**Provided records**
□ □ □ □ □

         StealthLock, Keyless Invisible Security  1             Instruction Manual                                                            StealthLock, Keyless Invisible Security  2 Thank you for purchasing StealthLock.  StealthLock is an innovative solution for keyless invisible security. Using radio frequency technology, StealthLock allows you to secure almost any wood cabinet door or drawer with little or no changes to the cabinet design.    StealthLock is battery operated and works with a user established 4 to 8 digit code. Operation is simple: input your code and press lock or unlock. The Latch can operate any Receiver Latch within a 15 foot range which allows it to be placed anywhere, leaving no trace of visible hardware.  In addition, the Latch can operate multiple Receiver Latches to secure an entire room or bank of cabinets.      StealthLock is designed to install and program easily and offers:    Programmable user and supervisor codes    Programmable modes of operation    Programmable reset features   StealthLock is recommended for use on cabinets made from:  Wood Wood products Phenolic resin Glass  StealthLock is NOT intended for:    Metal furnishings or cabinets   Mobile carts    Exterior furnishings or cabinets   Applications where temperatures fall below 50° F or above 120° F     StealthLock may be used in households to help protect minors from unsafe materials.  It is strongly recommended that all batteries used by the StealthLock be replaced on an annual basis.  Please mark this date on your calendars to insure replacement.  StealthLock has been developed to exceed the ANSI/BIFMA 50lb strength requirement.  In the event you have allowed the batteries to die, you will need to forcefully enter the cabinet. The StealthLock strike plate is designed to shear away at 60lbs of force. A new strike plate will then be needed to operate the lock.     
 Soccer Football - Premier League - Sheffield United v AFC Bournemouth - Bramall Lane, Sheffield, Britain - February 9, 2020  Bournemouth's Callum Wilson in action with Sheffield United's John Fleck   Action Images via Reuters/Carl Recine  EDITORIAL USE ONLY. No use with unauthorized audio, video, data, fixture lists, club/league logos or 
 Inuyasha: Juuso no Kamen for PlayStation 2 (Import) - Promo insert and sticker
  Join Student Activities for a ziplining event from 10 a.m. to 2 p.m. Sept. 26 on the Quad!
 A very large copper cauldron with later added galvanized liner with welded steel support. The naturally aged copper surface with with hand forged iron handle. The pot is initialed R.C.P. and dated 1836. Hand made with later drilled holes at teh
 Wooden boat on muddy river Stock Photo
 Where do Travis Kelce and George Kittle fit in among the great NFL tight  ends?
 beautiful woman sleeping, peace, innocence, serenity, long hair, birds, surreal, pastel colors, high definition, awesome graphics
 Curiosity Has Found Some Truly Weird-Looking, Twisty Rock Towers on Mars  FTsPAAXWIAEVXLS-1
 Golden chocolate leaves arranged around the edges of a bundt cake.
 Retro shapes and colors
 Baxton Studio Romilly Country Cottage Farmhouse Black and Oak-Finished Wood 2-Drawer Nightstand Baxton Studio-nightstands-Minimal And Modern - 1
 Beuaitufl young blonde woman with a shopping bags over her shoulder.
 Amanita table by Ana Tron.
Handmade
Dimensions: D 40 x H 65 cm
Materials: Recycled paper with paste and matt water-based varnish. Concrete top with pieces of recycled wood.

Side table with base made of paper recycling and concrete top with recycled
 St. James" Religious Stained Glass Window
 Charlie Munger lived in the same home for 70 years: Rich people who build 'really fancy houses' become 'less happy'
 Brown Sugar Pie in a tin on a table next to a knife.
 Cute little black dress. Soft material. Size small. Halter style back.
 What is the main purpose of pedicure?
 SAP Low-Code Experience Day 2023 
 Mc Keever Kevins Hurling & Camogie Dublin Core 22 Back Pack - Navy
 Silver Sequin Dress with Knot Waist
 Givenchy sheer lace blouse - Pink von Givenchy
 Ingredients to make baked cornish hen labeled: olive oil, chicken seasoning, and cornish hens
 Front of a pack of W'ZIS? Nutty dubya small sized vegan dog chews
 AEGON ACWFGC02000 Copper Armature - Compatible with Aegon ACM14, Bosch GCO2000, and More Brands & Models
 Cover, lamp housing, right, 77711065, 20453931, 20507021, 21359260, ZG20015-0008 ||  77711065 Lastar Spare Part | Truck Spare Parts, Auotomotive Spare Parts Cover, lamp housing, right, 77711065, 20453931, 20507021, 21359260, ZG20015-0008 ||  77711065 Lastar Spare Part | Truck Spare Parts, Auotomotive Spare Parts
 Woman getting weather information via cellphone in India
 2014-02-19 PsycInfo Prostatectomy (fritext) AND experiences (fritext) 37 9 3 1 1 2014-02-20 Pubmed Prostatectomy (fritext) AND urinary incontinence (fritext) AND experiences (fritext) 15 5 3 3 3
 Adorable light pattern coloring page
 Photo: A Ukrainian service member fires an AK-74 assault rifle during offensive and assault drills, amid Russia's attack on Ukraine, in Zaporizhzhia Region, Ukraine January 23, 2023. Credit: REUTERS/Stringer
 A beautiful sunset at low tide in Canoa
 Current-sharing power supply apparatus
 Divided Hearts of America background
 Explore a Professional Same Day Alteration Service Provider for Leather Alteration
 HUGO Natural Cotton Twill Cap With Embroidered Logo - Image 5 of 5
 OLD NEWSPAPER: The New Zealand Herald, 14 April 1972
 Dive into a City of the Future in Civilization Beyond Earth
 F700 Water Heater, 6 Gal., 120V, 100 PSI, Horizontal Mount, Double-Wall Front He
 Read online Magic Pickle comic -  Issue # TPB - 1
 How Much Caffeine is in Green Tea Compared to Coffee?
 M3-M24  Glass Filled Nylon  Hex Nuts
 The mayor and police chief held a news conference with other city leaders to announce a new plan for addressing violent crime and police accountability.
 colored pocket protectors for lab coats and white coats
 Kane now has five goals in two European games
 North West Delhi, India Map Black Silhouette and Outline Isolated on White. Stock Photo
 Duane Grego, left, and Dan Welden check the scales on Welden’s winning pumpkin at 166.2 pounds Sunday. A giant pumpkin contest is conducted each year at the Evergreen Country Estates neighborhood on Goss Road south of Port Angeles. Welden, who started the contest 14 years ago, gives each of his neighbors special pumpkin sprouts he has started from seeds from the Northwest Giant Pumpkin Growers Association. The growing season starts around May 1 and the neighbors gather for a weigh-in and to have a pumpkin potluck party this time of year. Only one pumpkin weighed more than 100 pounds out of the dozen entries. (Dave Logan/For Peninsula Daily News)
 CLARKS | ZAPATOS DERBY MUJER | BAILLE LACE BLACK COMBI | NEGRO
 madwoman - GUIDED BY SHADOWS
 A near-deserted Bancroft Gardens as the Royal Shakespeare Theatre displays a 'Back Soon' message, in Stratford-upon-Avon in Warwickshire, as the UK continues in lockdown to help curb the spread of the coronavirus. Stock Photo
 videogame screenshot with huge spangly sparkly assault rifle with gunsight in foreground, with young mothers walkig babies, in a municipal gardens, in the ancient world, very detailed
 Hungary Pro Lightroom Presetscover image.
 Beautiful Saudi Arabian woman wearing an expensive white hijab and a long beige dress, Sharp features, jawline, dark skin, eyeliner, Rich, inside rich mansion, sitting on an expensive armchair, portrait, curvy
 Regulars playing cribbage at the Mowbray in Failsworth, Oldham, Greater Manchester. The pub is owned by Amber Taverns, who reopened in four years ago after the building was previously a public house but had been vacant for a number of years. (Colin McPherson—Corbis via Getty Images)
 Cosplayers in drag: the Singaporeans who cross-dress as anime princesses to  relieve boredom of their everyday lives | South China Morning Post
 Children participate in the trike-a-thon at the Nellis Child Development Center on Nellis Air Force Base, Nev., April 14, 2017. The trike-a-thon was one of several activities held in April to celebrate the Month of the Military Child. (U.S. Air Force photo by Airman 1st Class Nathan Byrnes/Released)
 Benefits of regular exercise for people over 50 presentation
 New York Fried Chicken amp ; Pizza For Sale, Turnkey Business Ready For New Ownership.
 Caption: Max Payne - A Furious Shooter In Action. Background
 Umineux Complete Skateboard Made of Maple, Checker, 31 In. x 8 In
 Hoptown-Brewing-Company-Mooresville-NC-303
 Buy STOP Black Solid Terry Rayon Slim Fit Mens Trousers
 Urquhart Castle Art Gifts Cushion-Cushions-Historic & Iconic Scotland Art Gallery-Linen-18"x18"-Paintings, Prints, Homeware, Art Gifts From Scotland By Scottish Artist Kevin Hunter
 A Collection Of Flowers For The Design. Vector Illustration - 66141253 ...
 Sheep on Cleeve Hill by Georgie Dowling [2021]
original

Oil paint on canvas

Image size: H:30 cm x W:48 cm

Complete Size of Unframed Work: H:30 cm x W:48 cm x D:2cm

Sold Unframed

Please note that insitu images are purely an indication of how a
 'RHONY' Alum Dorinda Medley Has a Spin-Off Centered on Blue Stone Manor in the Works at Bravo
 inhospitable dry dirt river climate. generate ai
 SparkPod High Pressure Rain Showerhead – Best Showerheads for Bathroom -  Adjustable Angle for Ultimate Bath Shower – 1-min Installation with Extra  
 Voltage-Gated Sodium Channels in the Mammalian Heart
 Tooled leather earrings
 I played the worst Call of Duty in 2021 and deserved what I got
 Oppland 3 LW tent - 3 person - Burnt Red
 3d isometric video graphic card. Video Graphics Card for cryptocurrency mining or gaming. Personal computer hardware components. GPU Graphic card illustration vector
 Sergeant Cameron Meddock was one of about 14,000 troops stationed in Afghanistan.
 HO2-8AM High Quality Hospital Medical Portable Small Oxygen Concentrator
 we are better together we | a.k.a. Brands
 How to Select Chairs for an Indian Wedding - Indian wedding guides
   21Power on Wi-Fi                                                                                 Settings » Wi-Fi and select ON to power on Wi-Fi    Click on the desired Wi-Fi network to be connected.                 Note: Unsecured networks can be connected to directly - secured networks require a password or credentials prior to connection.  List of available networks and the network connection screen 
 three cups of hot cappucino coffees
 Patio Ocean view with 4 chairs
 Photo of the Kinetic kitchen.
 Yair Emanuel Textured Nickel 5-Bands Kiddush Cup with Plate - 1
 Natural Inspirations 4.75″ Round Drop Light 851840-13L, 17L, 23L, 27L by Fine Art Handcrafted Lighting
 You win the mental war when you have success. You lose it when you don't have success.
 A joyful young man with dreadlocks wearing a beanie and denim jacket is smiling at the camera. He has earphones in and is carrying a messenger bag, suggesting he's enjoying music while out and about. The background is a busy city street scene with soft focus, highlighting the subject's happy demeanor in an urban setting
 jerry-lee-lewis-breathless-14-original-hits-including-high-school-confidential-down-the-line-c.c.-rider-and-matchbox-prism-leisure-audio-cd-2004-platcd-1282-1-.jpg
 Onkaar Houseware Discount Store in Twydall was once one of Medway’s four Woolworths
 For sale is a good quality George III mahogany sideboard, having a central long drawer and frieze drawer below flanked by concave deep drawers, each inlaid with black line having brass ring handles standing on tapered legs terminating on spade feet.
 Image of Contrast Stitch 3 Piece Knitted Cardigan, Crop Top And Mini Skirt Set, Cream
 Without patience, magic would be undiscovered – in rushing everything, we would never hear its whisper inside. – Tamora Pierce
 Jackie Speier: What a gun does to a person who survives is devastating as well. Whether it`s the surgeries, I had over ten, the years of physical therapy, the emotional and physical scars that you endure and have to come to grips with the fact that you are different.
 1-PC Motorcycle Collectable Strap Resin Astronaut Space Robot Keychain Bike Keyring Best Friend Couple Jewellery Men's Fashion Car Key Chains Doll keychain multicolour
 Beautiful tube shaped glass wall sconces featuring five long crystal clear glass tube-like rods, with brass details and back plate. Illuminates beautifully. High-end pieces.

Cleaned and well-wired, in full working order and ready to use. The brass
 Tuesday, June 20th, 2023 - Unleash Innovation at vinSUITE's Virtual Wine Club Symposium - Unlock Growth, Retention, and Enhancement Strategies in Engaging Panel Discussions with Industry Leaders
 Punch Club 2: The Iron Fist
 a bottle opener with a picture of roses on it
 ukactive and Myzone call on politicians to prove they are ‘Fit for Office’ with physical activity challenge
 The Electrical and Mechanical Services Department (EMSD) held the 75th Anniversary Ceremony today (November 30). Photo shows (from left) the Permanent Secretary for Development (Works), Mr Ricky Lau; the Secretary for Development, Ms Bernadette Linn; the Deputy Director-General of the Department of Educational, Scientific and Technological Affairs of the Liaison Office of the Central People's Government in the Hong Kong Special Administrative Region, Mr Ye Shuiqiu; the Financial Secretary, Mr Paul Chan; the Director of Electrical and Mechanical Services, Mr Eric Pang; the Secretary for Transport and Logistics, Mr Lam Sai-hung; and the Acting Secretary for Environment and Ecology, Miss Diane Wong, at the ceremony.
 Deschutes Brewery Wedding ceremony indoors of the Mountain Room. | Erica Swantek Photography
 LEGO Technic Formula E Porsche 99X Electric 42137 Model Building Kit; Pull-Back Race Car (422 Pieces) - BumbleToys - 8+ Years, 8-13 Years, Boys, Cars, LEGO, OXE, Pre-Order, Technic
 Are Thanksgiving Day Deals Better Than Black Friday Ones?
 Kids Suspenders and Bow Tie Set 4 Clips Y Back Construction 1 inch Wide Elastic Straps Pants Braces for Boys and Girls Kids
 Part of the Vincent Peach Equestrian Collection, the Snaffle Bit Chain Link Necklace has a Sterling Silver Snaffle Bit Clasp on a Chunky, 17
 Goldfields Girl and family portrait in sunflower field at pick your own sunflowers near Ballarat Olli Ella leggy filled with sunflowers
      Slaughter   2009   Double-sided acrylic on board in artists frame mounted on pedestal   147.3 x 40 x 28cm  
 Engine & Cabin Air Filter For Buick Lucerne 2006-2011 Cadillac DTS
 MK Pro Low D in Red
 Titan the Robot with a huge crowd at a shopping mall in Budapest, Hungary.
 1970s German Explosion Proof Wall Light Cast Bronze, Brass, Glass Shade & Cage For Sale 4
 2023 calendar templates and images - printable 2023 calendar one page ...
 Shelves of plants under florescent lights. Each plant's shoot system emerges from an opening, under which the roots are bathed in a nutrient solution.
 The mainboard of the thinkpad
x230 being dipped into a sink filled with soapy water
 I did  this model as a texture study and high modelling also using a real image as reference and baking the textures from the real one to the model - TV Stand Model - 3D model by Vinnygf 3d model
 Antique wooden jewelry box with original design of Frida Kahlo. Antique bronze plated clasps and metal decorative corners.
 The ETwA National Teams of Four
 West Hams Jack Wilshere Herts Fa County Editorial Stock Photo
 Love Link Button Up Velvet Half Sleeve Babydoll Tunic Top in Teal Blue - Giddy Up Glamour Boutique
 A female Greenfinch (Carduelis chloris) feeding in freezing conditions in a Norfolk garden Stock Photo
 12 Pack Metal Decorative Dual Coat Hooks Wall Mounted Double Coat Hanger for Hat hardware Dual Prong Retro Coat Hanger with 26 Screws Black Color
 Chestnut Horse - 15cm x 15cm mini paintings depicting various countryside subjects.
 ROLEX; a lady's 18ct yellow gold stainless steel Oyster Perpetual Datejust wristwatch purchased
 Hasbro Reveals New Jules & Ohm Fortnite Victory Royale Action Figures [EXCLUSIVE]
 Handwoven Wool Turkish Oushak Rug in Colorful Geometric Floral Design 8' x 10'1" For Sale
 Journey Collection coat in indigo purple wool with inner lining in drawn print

□ □ □ □ □

**Exercise**
Which lines above hold the string "huge"? Copy every one of them.

**Written solution**
 videogame screenshot with huge spangly sparkly assault rifle with gunsight in foreground, with young mothers walkig babies, in a municipal gardens, in the ancient world, very detailed
 Titan the Robot with a huge crowd at a shopping mall in Budapest, Hungary.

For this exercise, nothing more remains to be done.